# Publications

We compute the spaces of sections of powers of the determinant line bundle on the spherical Schubert subvarieties of the Beilinson–Drinfeld aﬃne Grassmannians. The answer is given in terms of global Demazure modules over the current Lie algebra.

The convolution ring of loop rotation equivariant K-homology of the affine Grassmannian of GL(n) was identified with a quantum unipotent cell of the loop group of SL(2) by Cautis and Williams. We identify the basis formed by the classes of irreducible equivariant perverse coherent sheaves with the dual canonical basis of the quantum unipotent cell.

A cubic polynomial with a marked fixed point 0 is called an *IS*-*capture polynomial* if it has a Siegel disk *D* around 0 and if *D* contains an eventual image of a critical point. We show that any IS-capture polynomial is on the boundary of a unique bounded hyperbolic component of the polynomial parameter space determined by the rational lamination of the map and relate IS-capture polynomials to the cubic principal hyperbolic domain and its closure.

We construct a mirabolic analogue of the geometric Satake equivalence. We also prove an equivalence that relates representations of a supergroup to the category of GL(N − 1, C[[t]])-equivariant perverse sheaves on the affine Grassmannian of GLN . We explain how our equivalences fit into a more general framework of conjectures due to Gaiotto and to Ben-Zvi, Sakellaridis and Venkatesh.

We study exceptional collections of line bundles on surfaces. We prove that any full cyclic strong exceptional collection of line bundles on a rational surface is an augmentation in the sense of Lutz Hille and Markus Perling. We find simple geometric criteria of exceptionality (strong exceptionality, cyclic strong exceptionality) for collections of line bundles on weak del Pezzo surfaces. As a result, we classify smooth projective surfaces admitting a full cyclic strong exceptional collection of line bundles. Also, we provide an example of a weak del Pezzo surface of degree 2 and a full strong exceptional collection of line bundles on it which does not come from augmentations, thus answering a question by Hille and Perling.

We classify triangulated categories that are equivalent to finitely generated thick subcategories $T\subset D^b(cohC)$ for smooth projective curves C over an algebraically closed field.

In this note we discuss three notions of dimension for triangulated categories: Rouquier dimension, diagonal dimension and Serre dimension. We prove some basic properties of these dimensions, compare them and discuss open problems.

We apply Weyl n-algebras to prove formality theorems for higher Hochschild cohomology. We present two approaches: via propagators and via the factorization complex. It is shown that the second approach is equivalent to the first one taken with a new family of propagators we introduce.

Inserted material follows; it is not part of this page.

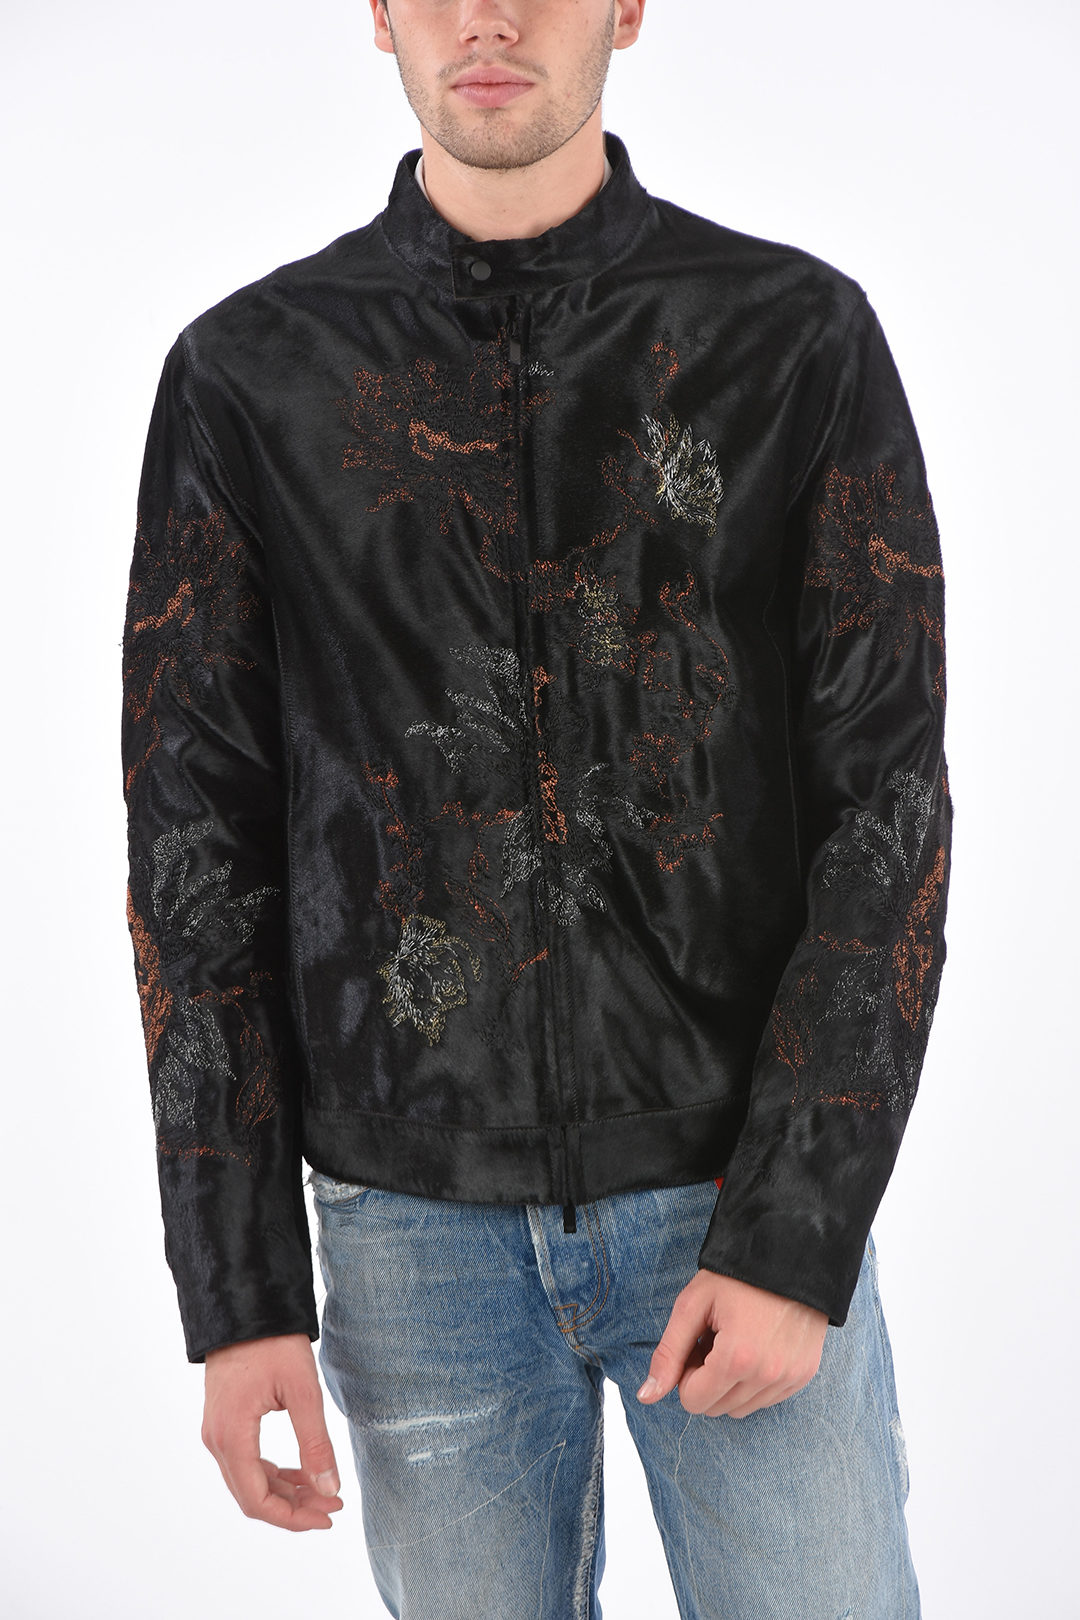 Armani EMPORIO ARMANI Embroidered Ponyskin Jacket men - Glamood Outlet

We develop the formal analogue of the Morse theory for a pair of commuting gradient-like vector fields. The resulting algebraic formalism turns out to be very similar to the algebra of the infrared of Gaiotto, Moore and Witten (see Gaiotto et al., and Kapranov et al.): from a manifold M with the pair of gradient-like commuting vector fields, subject to some general position conditions we construct an L∞-algebra and Maurer–Cartan element in it. We also provide Morse-theoretic examples for the algebra of the infrared data.

A projective manifold M is algebraically hyperbolic if there exists a positive constant A such that the degree of any curve of genus g on M is bounded from above by A(g−1). A classical result is that Kobayashi hyperbolicity implies algebraic hyperbolicity. It is known that Kobayashi hyperbolic manifolds have finite automorphism groups. Here, we prove that, more generally, algebraically hyperbolic projective manifolds have finite automorphism groups.

We study automorphism groups and birational automorphism groups of compact complex surfaces. We show that the automorphism group of such a surface X is always Jordan, and the birational automorphism group is Jordan unless X is birational to a product of an elliptic and a rational curve.

We prove that automorphism groups of Inoue and primary Kodaira surfaces are Jordan.

We prove that a finite group acting by birational automorphisms of a nontrivial Severi-Brauer surface over a field of characteristic zero contains a normal abelian subgroup of index at most 3. Also, we find an explicit bound for the orders of such finite groups in the case when the base field contains all roots of 1.